FIGS. 15 and 16 also demonstrate that the present invention may be practiced by devices substantially shorter than that disclosed in FIGS. 2 and 3, that the device may incorporate either planting slots 130 or planting holes 140 exclusively, and that, as shown in FIG. 15, the planting spaces 130 and 140 may be located to the outside as well as the inside of the porous hose 150. It is preferable, however, that the planting spaces 130 and 140 be located inward of the hose 150. Since wind is typically directional, any wind that enters a planting space can evacuate through spaces in the adjoining row without being trapped.
FIG. 30 illustrates one embodiment of a circular weed barrier 500a in accordance with the present invention. It includes a circular sheet 502 of vapor-permeable material.
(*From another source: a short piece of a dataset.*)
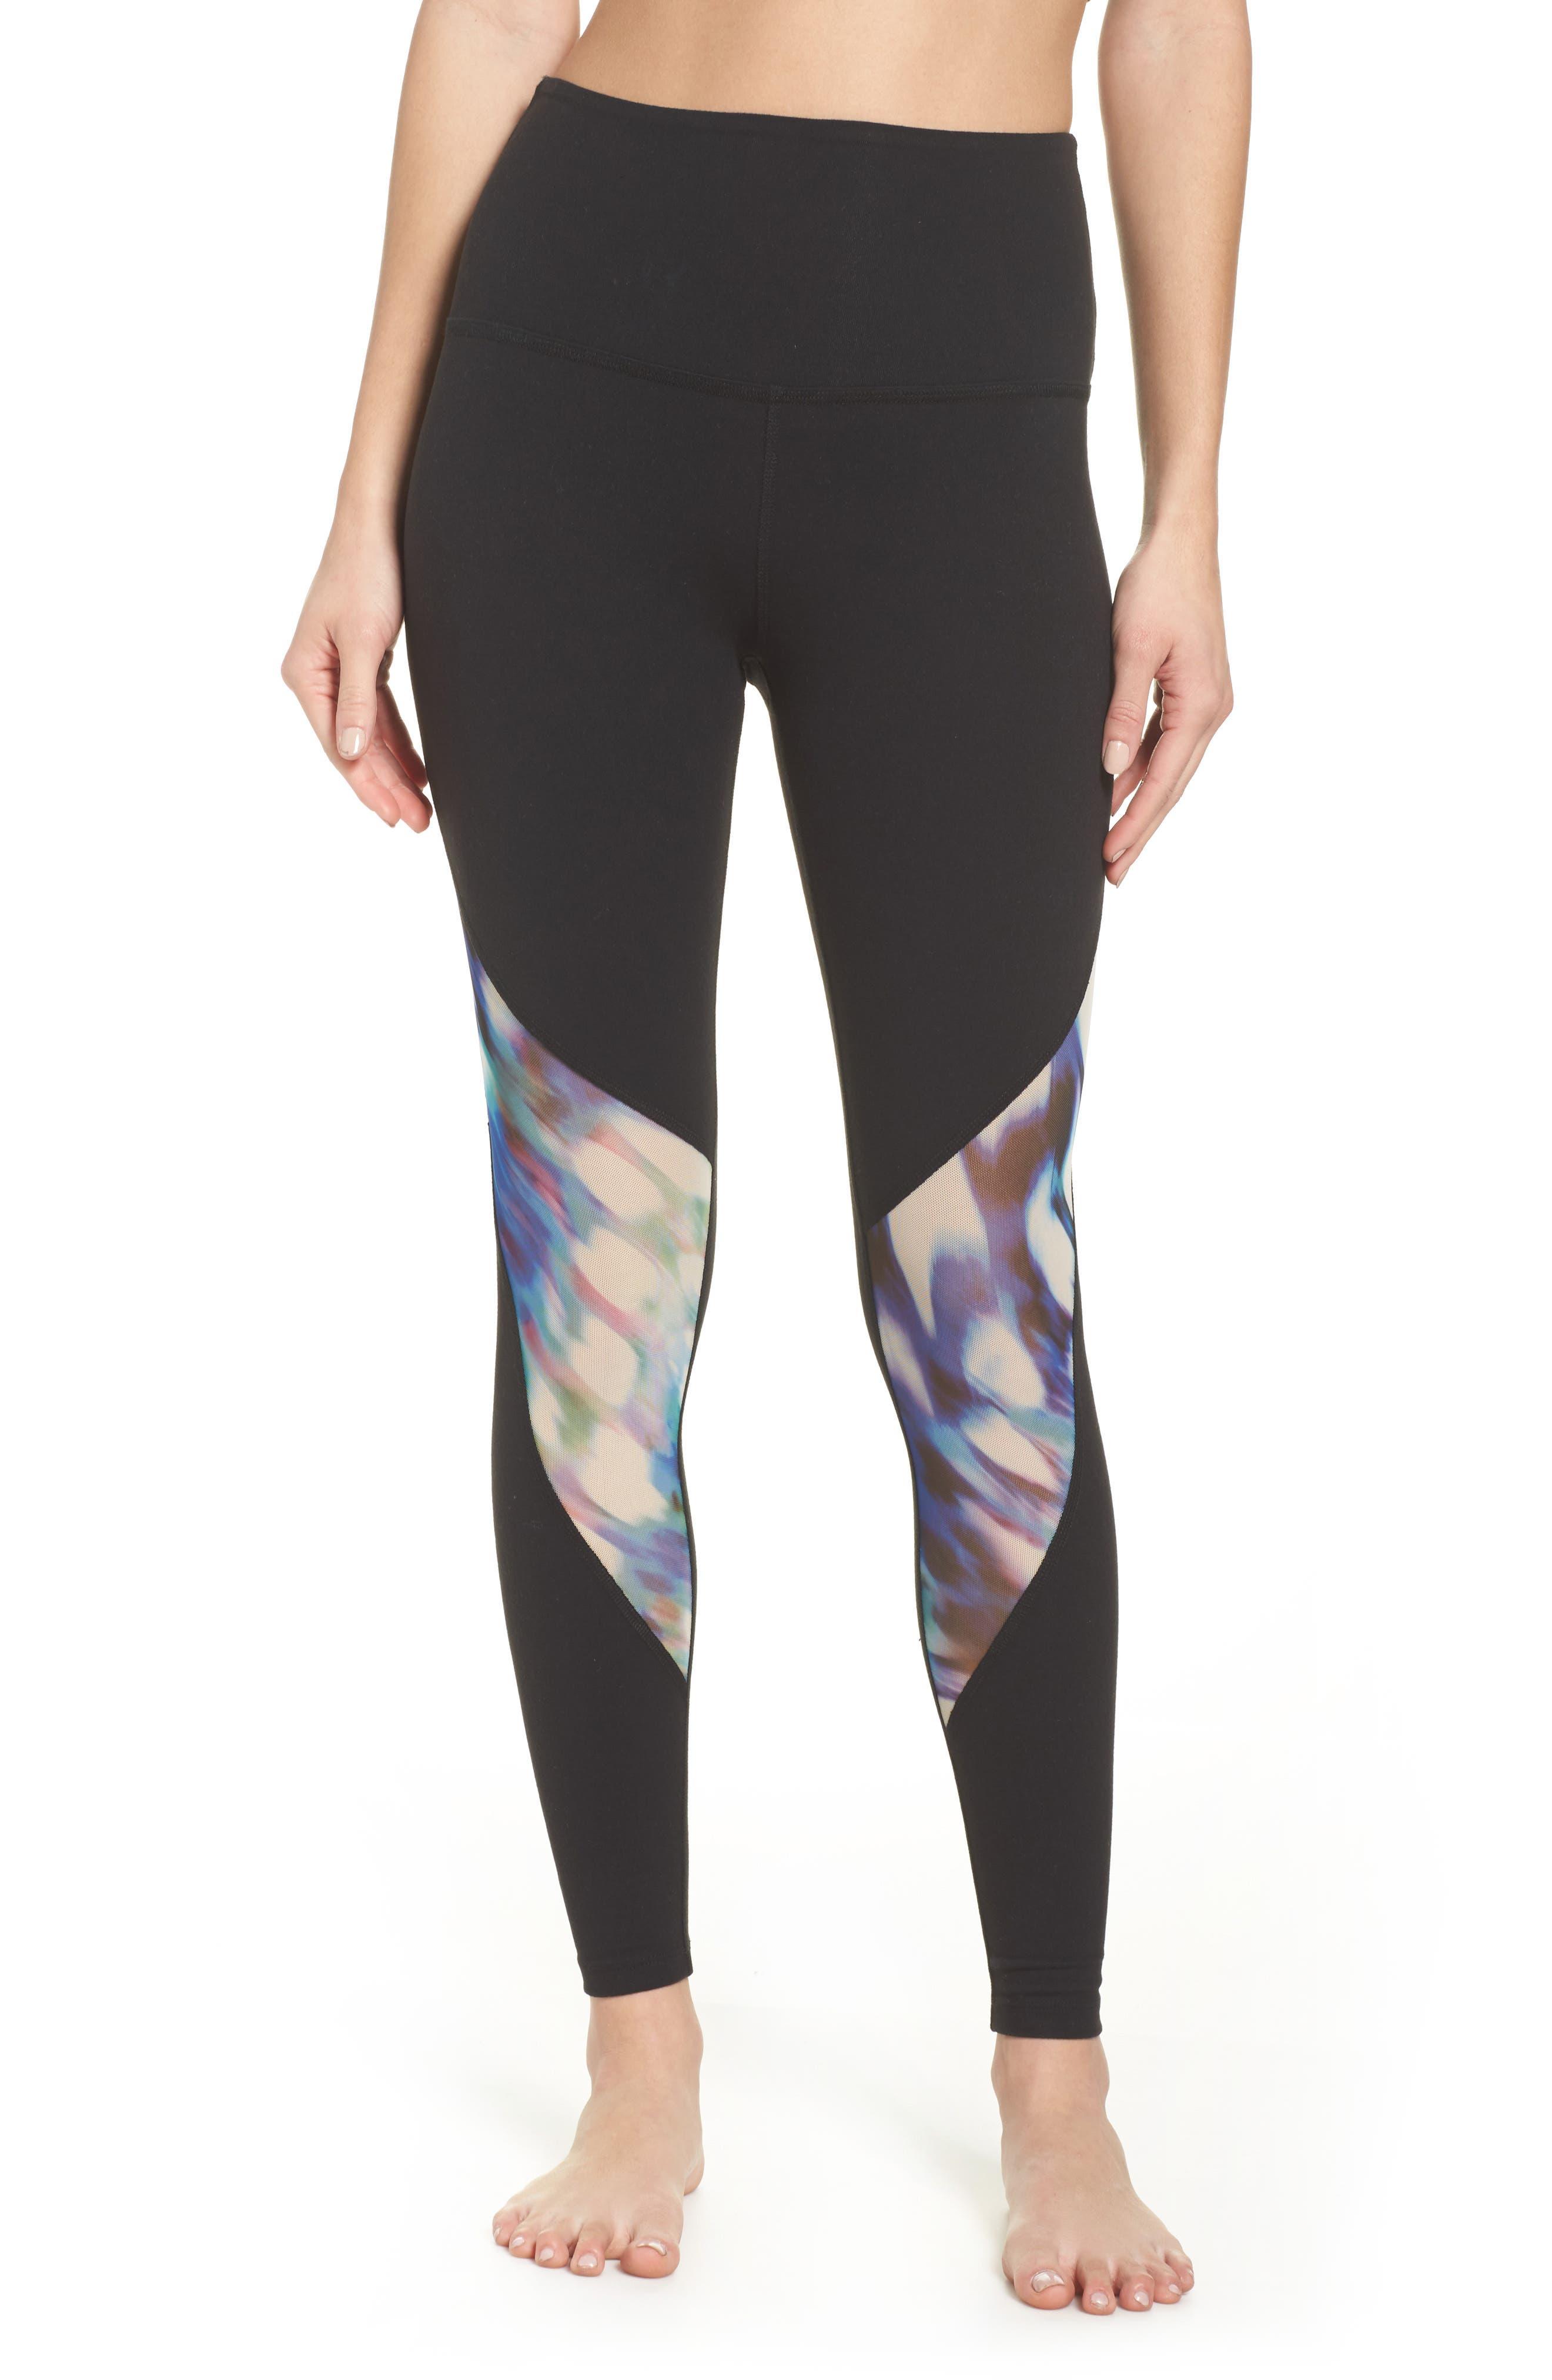 Prismatic High Waist Leggings,                         Main,                         color, 002
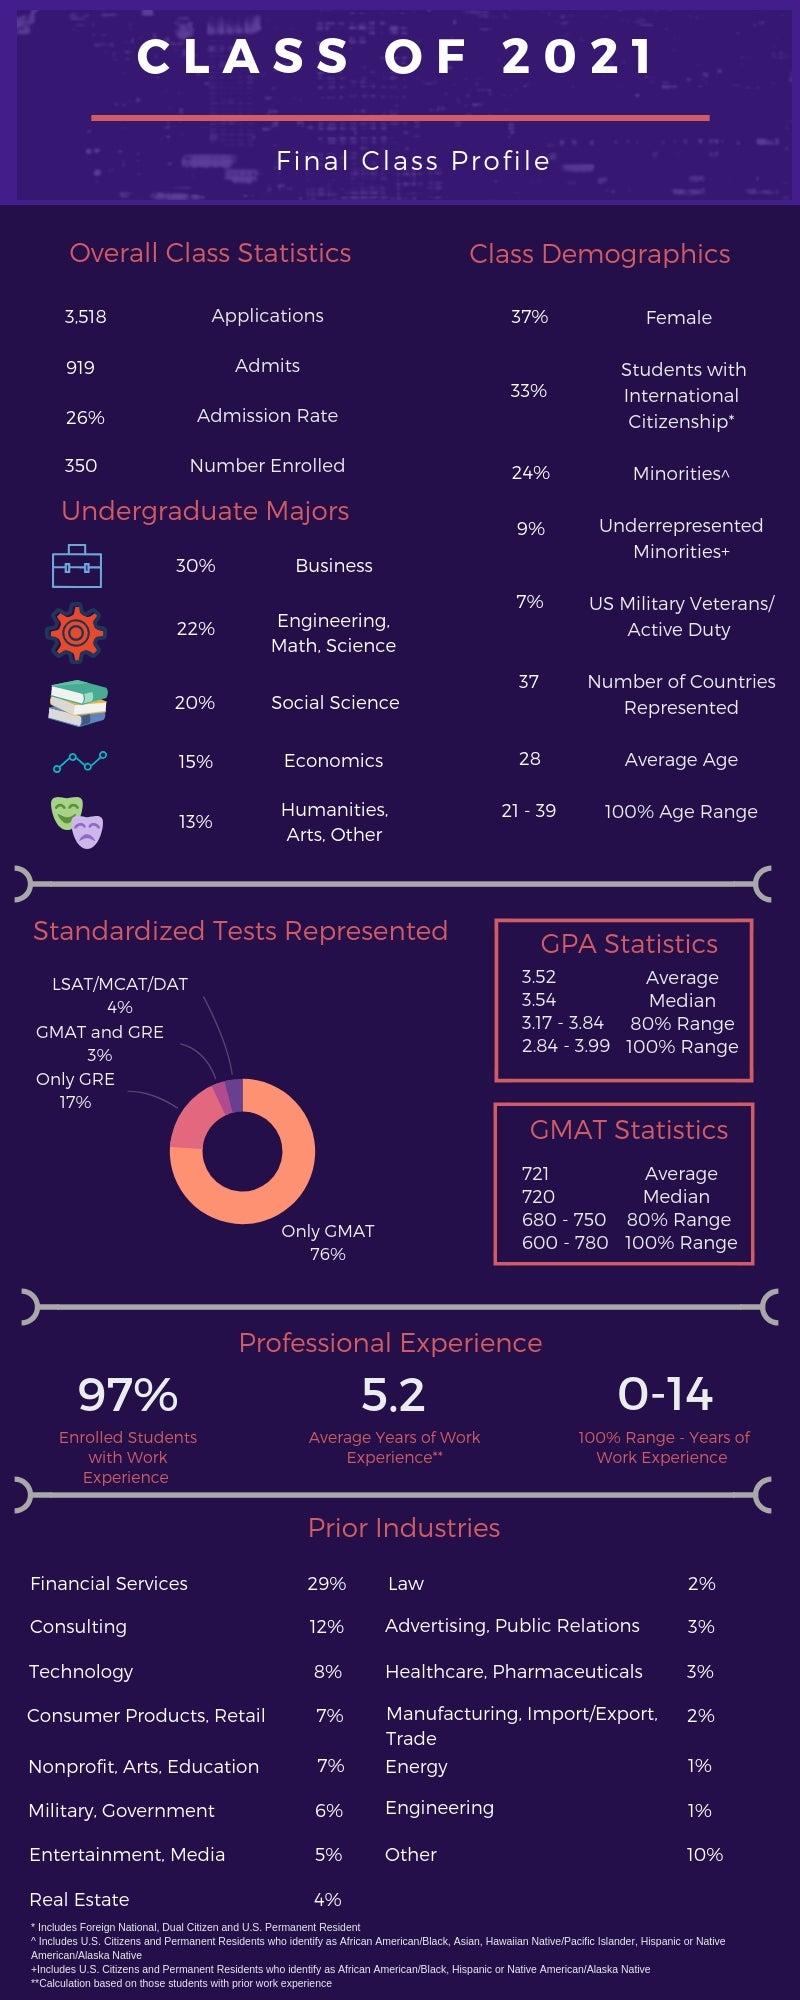 FT final class profile

The outer margin of the sheet 500a is folded over and secured with stitches 510 or other means to form a reinforced edge and pocket for holding weighted material. A porous hose 506 is secured to the lower surface of the device 500a at a suitable distance from the outer margin. Planting spaces, such as slots, or the holes 504 illustrated, are formed in the sheet 502 in proximity to the hose 506. The hose 506 may be formed into interconnected concentric circles, as illustrated in FIG. 30, or may comprise a single length of hose looped in a circular fashion as in the embodiment 500b illustrated in FIG. 31. The water inlet 508 may project from underneath the sheet 502 as shown or be otherwise located as described above.
It should be appreciated that multiple units of the kinds shown in the Figures may be linked together to provide the garden configuration desired by the end user. To provide both relatively narrow rows and relatively wide rows in the same garden, devices of various widths may be connected. To determine the width of individual devices used in such an arrangement necessary to obtain the desired row width, the following steps may be followed using a single row device, as shown in FIG. 21. First, determine the desired distance between two adjoining rows and select a device having a width less than the desired row width. Next, subtract the distance from the center of the row of the selected device to its edge. Add the width of the reinforced edge (typically 2 inches). Multiply the result by a factor of 2. The amount calculated represents the required width of an adjoining unit to achieve the desired row width.
It is to be understood that while certain forms of this invention have been illustrated and described, it is not limited thereto except insofar as such limitations are included in the following claims and allowable equivalents thereof.